CN107908642A

CN107908642A - Industry text entities extracting method based on distributed platform

Info

Publication number: CN107908642A
Application number: CN201710902720.0A
Authority: CN
Inventors: 武克杰; 周书勇
Original assignee: Jiangsu Huatong Sheng Yun Technology Co Ltd
Current assignee: Jiangsu Huatong Sheng Yun Technology Co Ltd
Priority date: 2017-09-29
Filing date: 2017-09-29
Publication date: 2018-04-13
Anticipated expiration: 2037-09-29
Also published as: CN107908642B

Abstract

The invention discloses a kind of industry text entities extracting method based on distributed platform, including：Relationship characteristic model is obtained using deep learning neural metwork training text data set；The relationship characteristic of extraction is generated into multiple elasticity distribution formula relationship characteristic data set RDD；The category feature model extraction category feature that data set in RDD is obtained by improved non-linear svm classifier Algorithm for Training；Corresponding linguistic context physical model is found according to the category feature of extraction, and the solid data in the text for corresponding to category feature is extracted by trained physical model；Judge whether this quantity of corresponding linguistic context text exceedes given threshold, if exceed threshold value, the re -training linguistic context physical model, utilizes the solid data in the text of the corresponding category feature of physical model extraction of re -training, otherwise, text entities feature and text data are preserved.The text feature entity under different context can be handled, effectively increases the efficiency and extraction entity accuracy rate of entity extraction.

Description

Industry text entities extracting method based on distributed platform

Technical field

The present invention relates to a kind of extracting method of text entities, more particularly to a kind of industry text based on distributed platform This entity extraction method.

Background technology

Traditional Text Extraction is using pattern match Relation extraction method, the Relation extraction based on dictionary driving, base In Relation extraction method of machine learning etc., these first most of methods are that word frequency is higher in the method extraction text by participle Word as effective entity.These methods are suitable for the relatively simple scene of entity in text, but under different context, these Method cannot effectively distinguish entity under different context, need not will can split originally or the segmentation and conjunction of merged entity mistake And.

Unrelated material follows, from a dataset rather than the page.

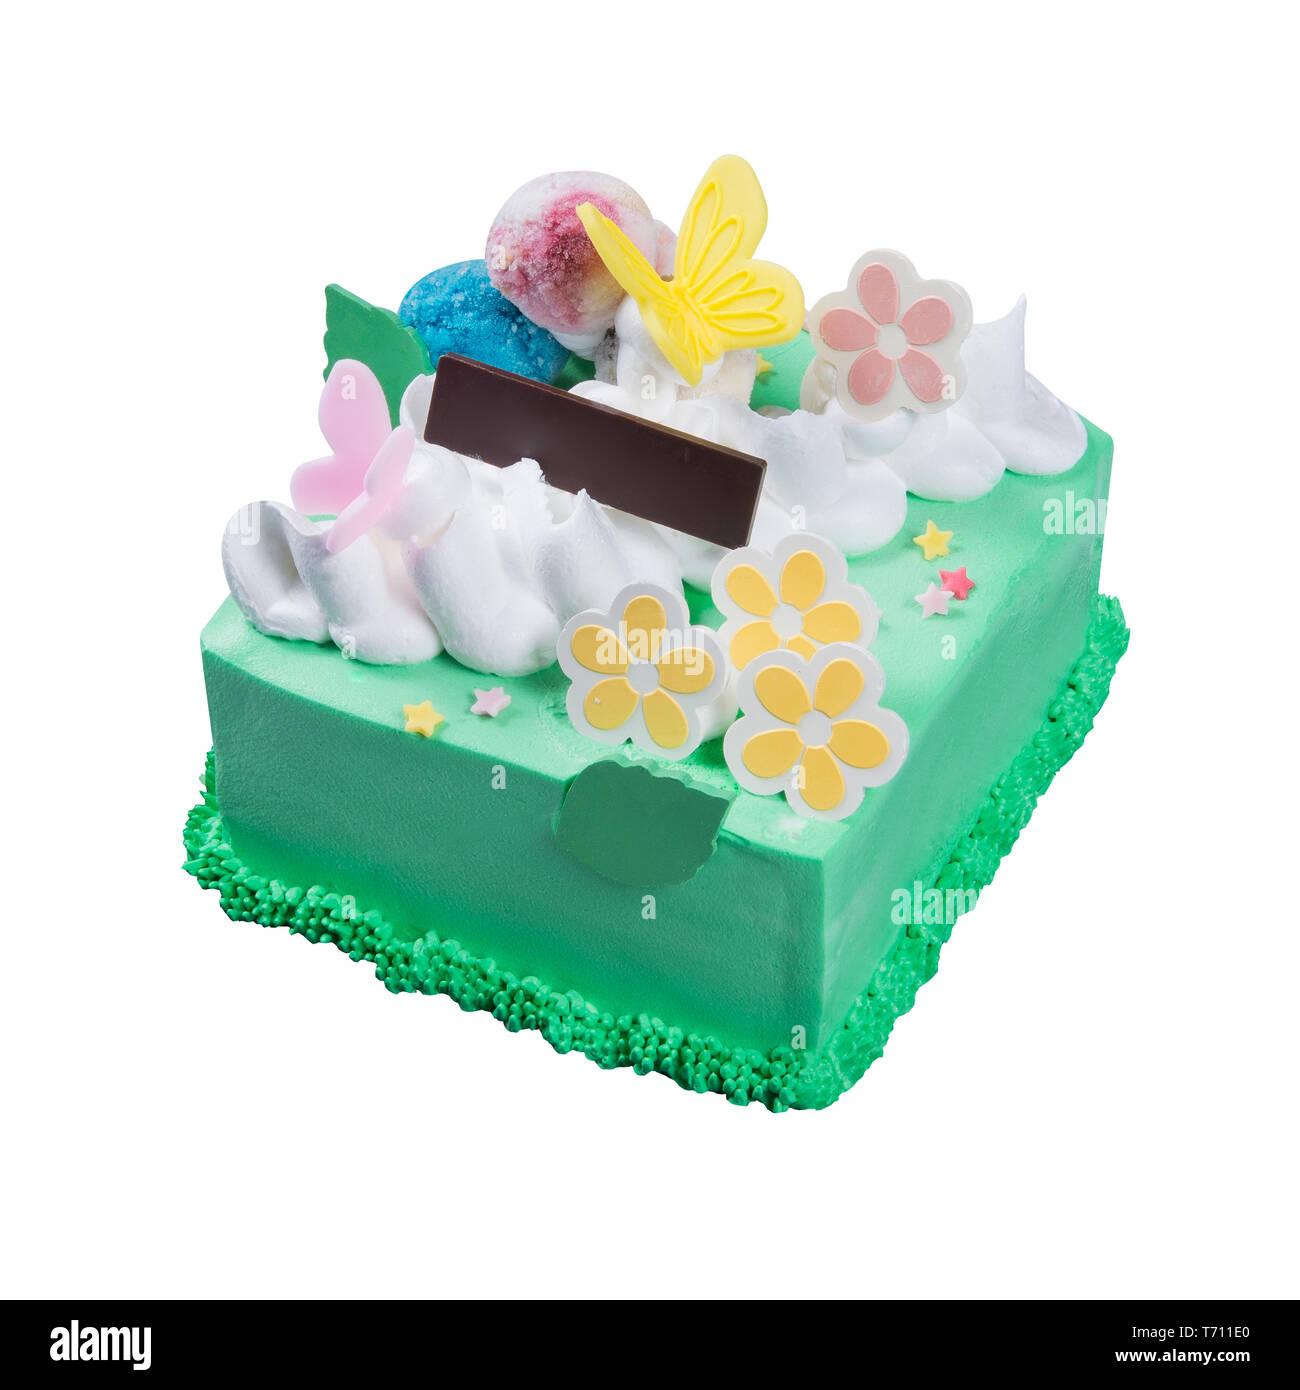 Outstanding Cake Or Ice Cream Birthday Cake On A Background Stock Photo Funny Birthday Cards Online Hendilapandamsfinfo

Meanwhile word of the traditional detection method to the mistake for not having to occur in former text, it is difficult to be carried out by segmenting method Extraction.

Occur many extraction instance methods based on deep learning in the recent period, wherein extraction entity algorithm is divided into calculated performance It is not higher that relatively good but extraction is accurate, two kinds of models that extraction accuracy is higher but calculated performance is slow.Such as fast linear Entity extraction model, convolutional neural networks are exactly accelerated model, and non-linear entity extraction model, deep neural network model are exactly The relatively good model of accuracy.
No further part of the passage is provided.